The healer raised his hand. "Wait. I have many questions. Did you recognize this man who was a wolf?"
"Yes, I knew who he was in my dream, but I cannot tell you now."
"Yet you knew him then. Was he friend or foe?"
"He had been my enemy," I said. "I knew that, too."
"He came to you begging mercy, nonetheless?"
I raised my shoulders and let them fall as men do. "There was no one else."
"Only you, and the dead."
"I think so."
"Very well. Go on."
"I did as he asked." I showed the healer my sword. "I killed him with this, and quickly, holding his ear while I slashed his throat. When he was dead I saw his man's face." I paused to think and to remember the dark plain of my dream. "After that, Myt-ser'eu woke me, fearing I had died."
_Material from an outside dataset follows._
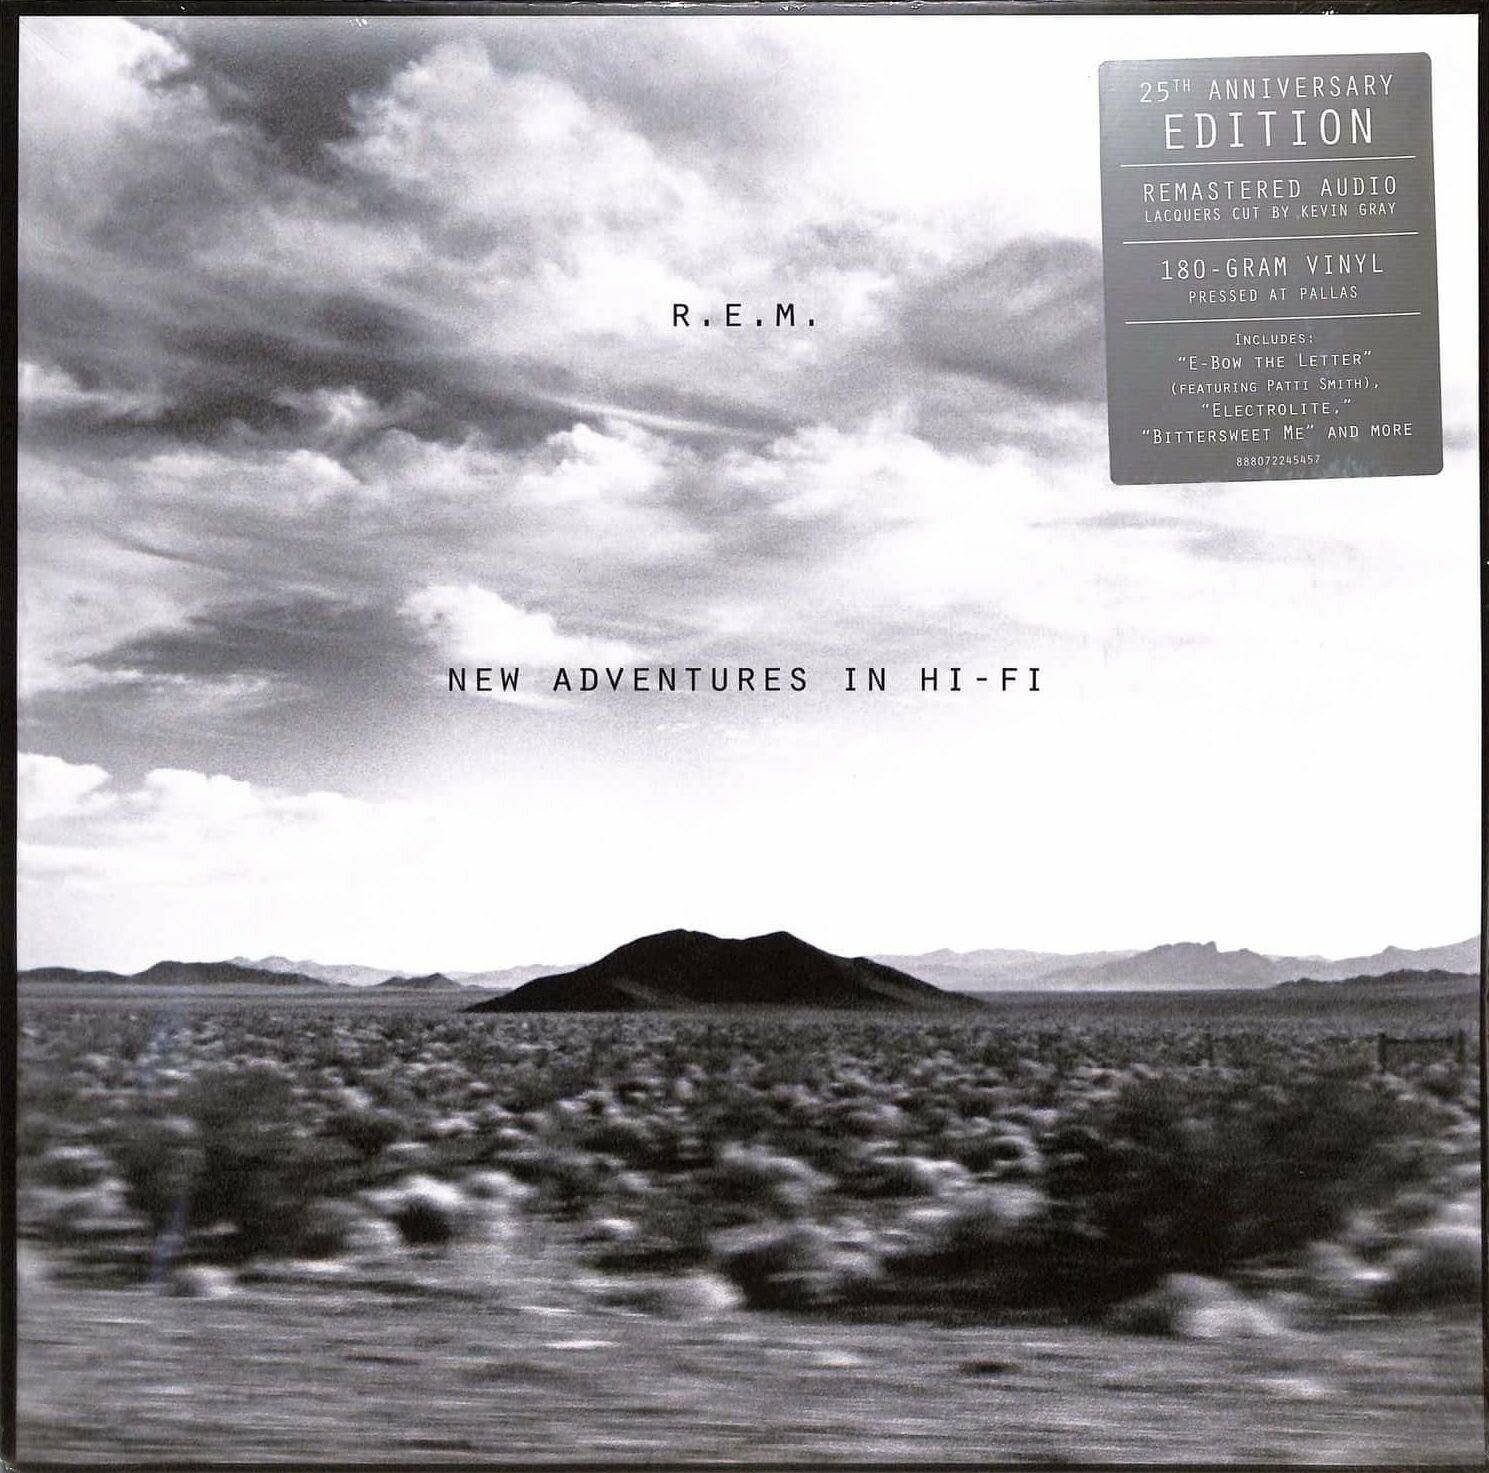 R.E.M. – New Adventures In Hi-Fi (25th Anniversary Edition)

The healer took four sticks of crooked gold from his robe, made a square of their corners on the deck before us, and did and said certain things I will not write. These things done, he picked up the gold sticks, speaking a word for each, shook them together, and cast them at my face.
I asked whether they spoke to him when they clattered to the deck. Angry, he motioned me to silence. After a time, he swept them up, shook them as he had before, and cast them again. "You are not telling me everything," he said when he had studied them a second time. "What is it you have not told?"
"I said girl as I cut his throat. Only that. I cannot explain it and it seems to me it cannot be of any importance."
"Girl."
I nodded. "Just that. The one word."
"You speak the tongue of Kemet better than most foreigners. Was it in this way that you spoke in your dream?"
"I spoke only one word in my dream. That one."
"Satet?"
"No, another word that meant the same."
"Bent?"
"I don't think it was in this tongue. It meant a tall girl, very young but tall and crowned with blossoms-meant that in my dream, I mean."
The healer looked out over the water. "We must stop at Asyut," he said.